Uber gave their users an experience to be remembered, UBERKITTENS. Credit: Uber

Uber

UberKITTENS was a strategy implemented by Uber on national cat day, in which they delivered kittens for 15-minute petting sessions. They also raised $14,268 for animal shelters in Seattle, NYC and San Francisco! This is a great example of getting involved with the local community and providing users with an experience they would never forget. Not to mention the word of mouth traffic from this would have been incredibly valuable.

Airbnb

Airbnb quite literally went the extra mile for their users, going from coast to coast and door to door taking pictures of apartments for each listing. They built loyalty with their users by asking what products they needed and what they could offer them, personally following up on all feedback.

“Which came first: the chicken or the egg?”

A well-known dilemma in a 2-sided marketplace or platform. Which do you acquire first? The users on the supply or demand side? A little hint, it’s the supply side. Focus on creating a solid database of suppliers and then you can move forward with acquiring customers.

Quora and Reddit

Empty site means no users, and no users mean an empty site. Quora and Reddit solved the chicken and egg issue by filling their sites with their own content until the website had enough organic content to thrive on its own.

Quora’s co-founders D’Angelo, Cheever and Cox actually asked and then answered their own questions, to begin with. When they began bringing on new employees and beta testers, they asked them to do the same until there was enough content on the site to bring in unique, organic visitors. Reddit’s co-founder Steve Huffman, said they had to create content for several months until the home page was no longer filled with their content, but with submissions from actual users. The difference here is that Reddit created fake profiles, this, however, turned out to be an advantage on their side as they were able to set the tone of the future Reddit community. Talk about faking it ’til you make it.

Airbnb

When Airbnb came about, they couldn’t rent out houses with no customers, but they also couldn’t have loads of customers with no houses for them to stay in. When they gave craigslist a run for their money their aim was to build up a substantial choice of houses, after that the customers came running.

Tinder

Tinder is one company who knew who their startups first users were meant to be; college students. The then CMO Whitney Wolfe, travelled to the startup’s first users. They went from 5,000 to 15,000 users purely by going to sororities and signing girls up on the spot. She then approached the brother fraternities of the sororities and all the boys signed up because all the cute girls they’d been eyeing off all semester were now on the app. This then created a constant loop of males signing up for females, and females signing up for males.. turns out a circle does start somewhere.
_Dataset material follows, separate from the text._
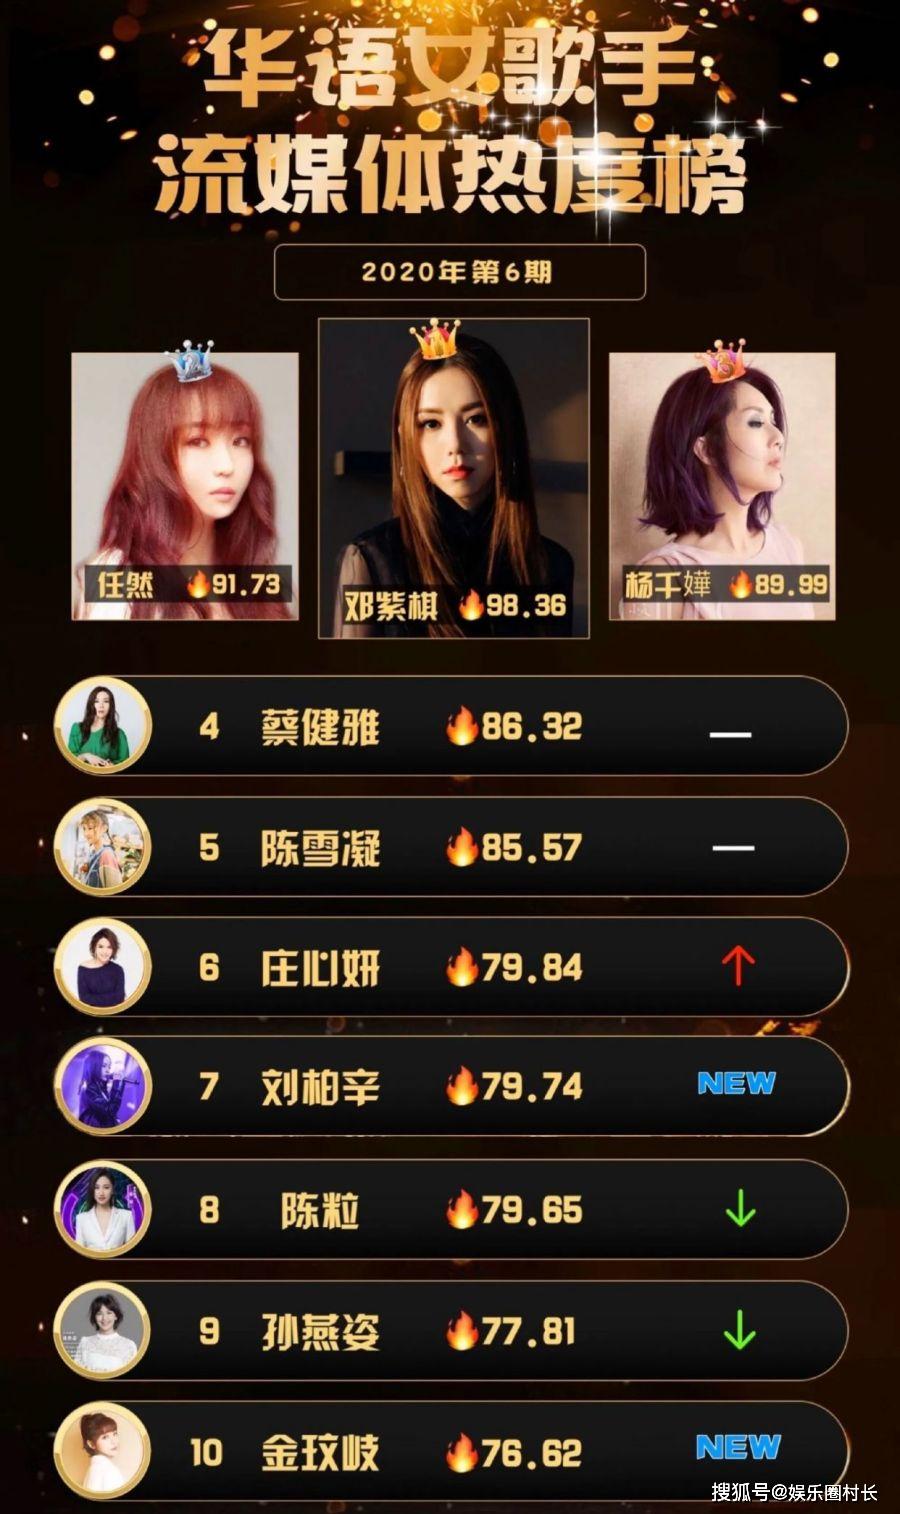 华语歌手热度排名_最新华语男歌手热度排名出炉,周杰伦第二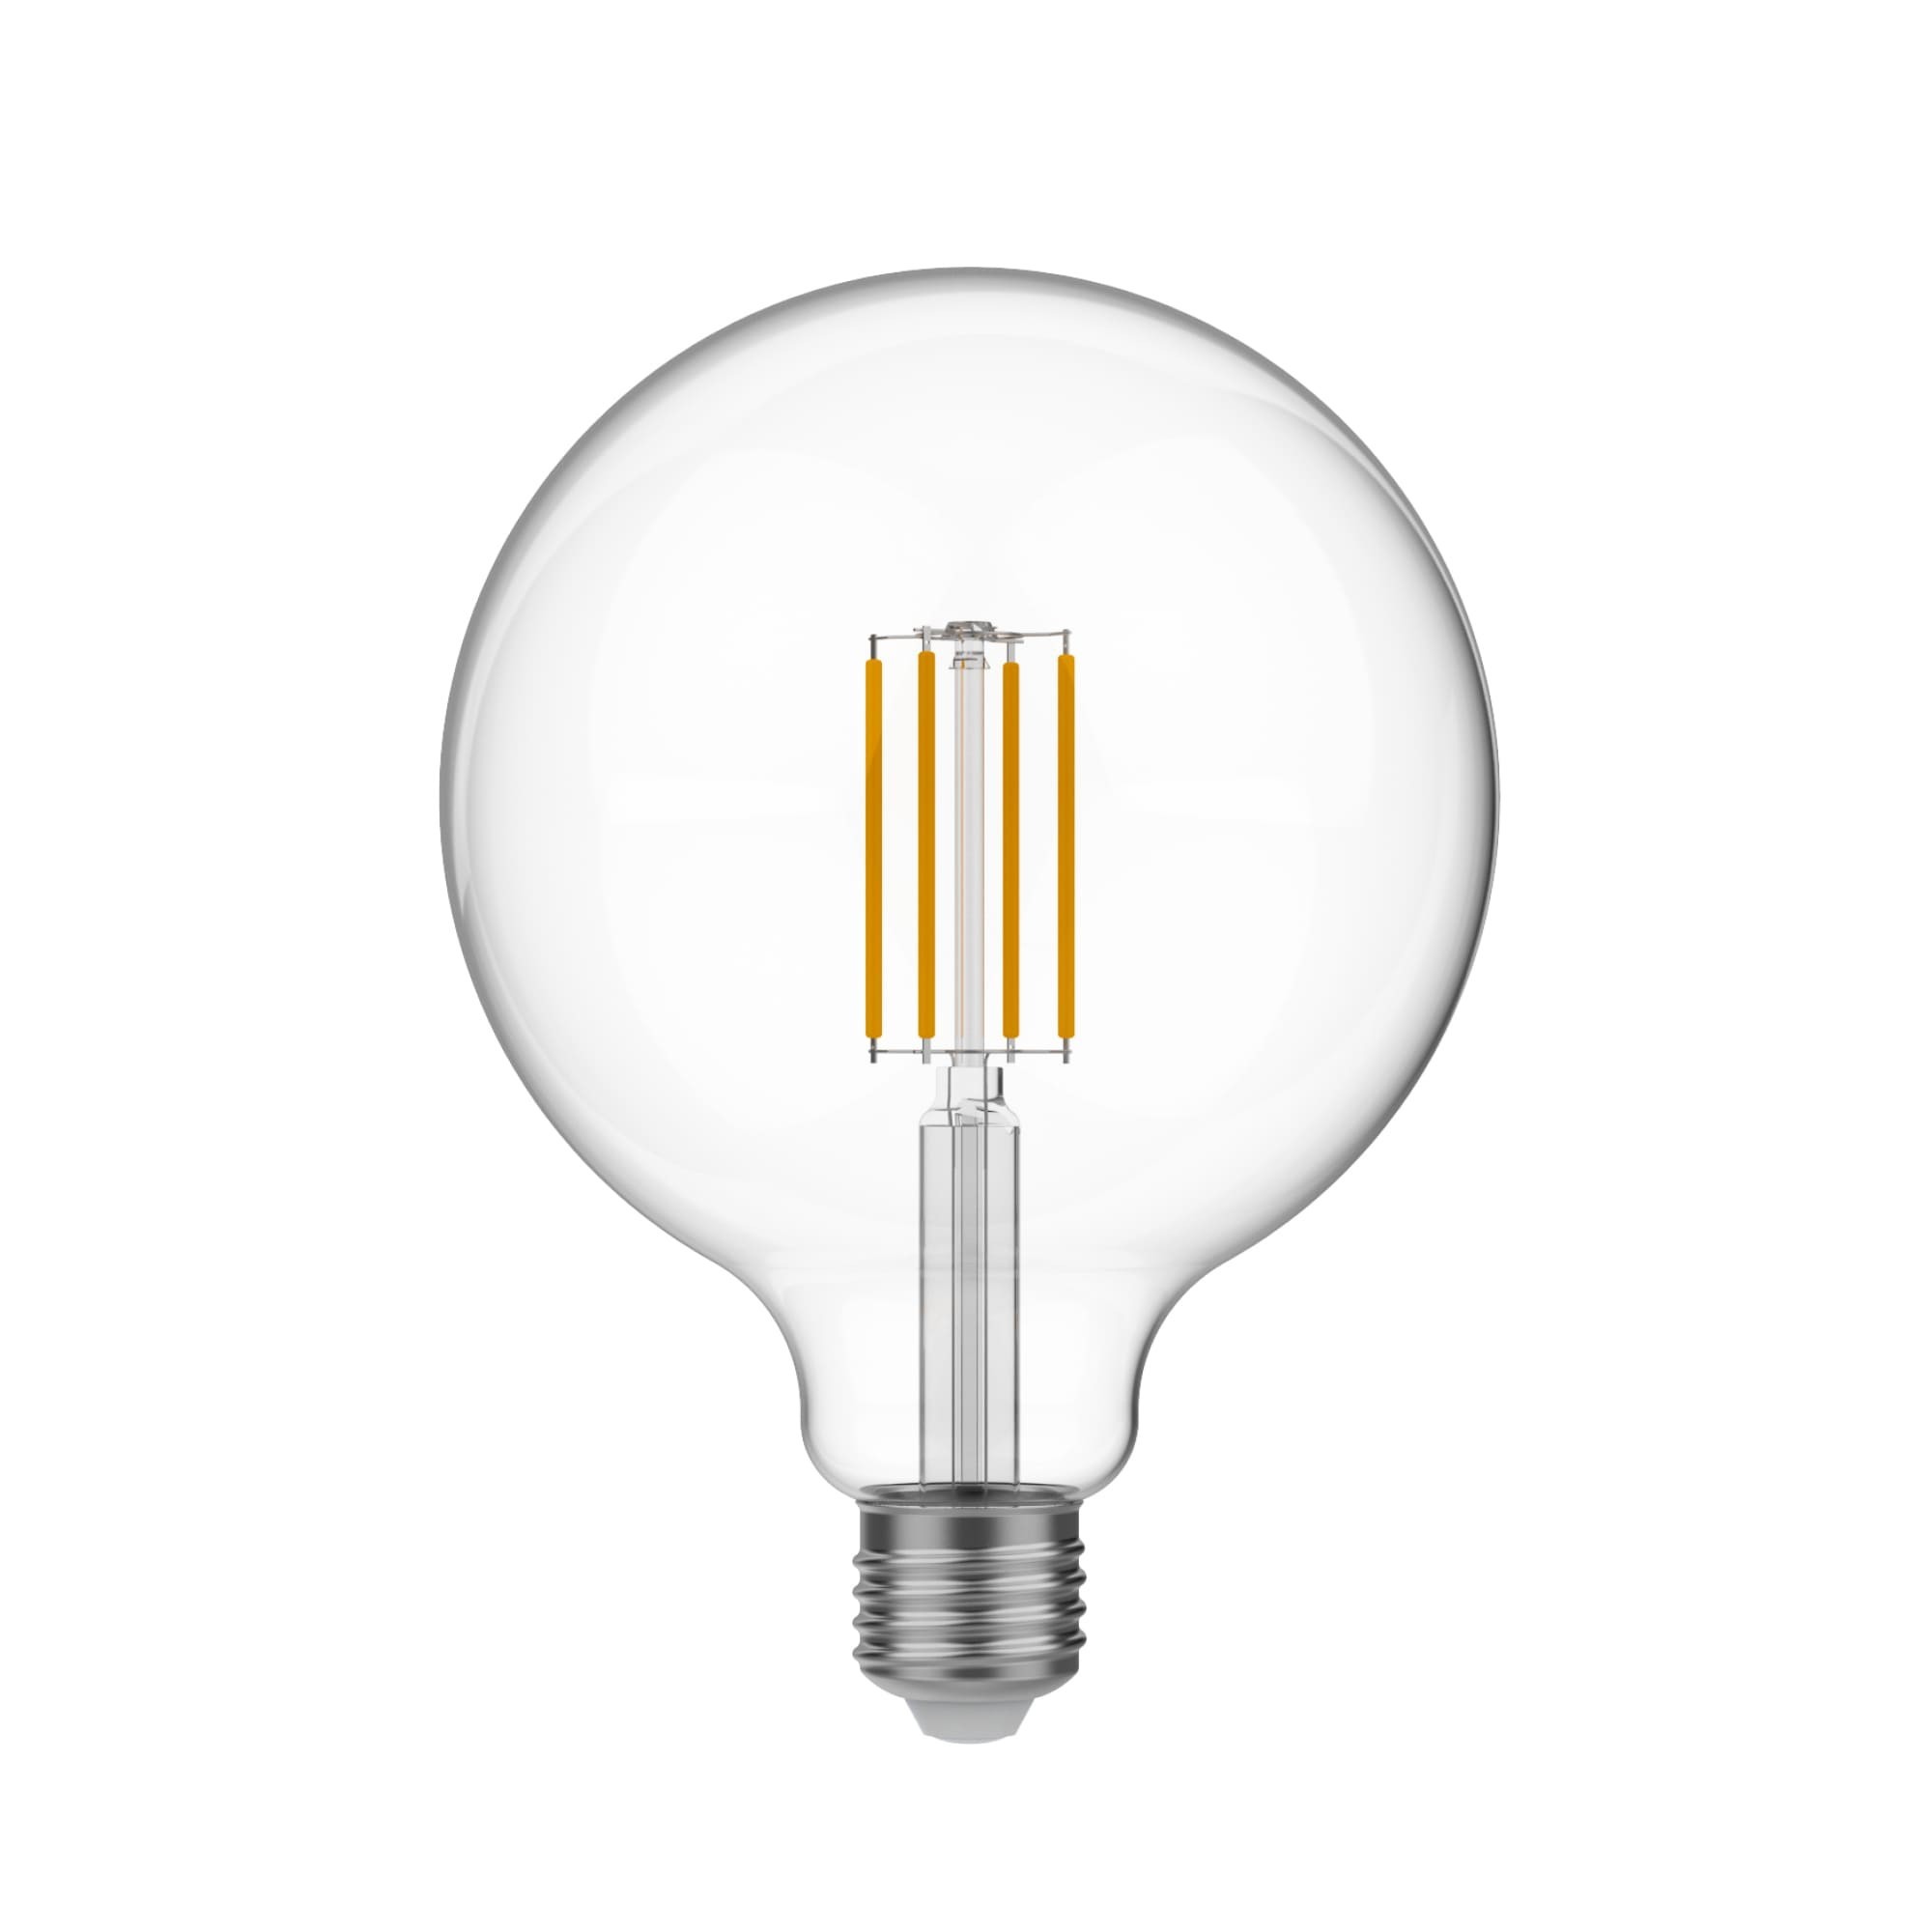 N04 - LED G125 Light Bulb, E27, 7W, 3500K, 806Lm, clear glass

Tinder based their strategies to acquire their startup first users on their target markets age. Credit: Wikimedia

Among all of these strategies, the strongest of all is an endless drive and willingness to do whatever you can to make your platform the best and your customers the happiest. The companies spoken about above all started out with no users, Quora and Reddit even had to fake their startup’s first users for months! The amount of users your startup has, in the beginning, does not define its future success. Create a product that your customers are proud to use and they’ll share it with their friends, making obtaining new users easier than you’d think. What really counts is how you treat these users and what innovative solutions you can offer them throughout their experience.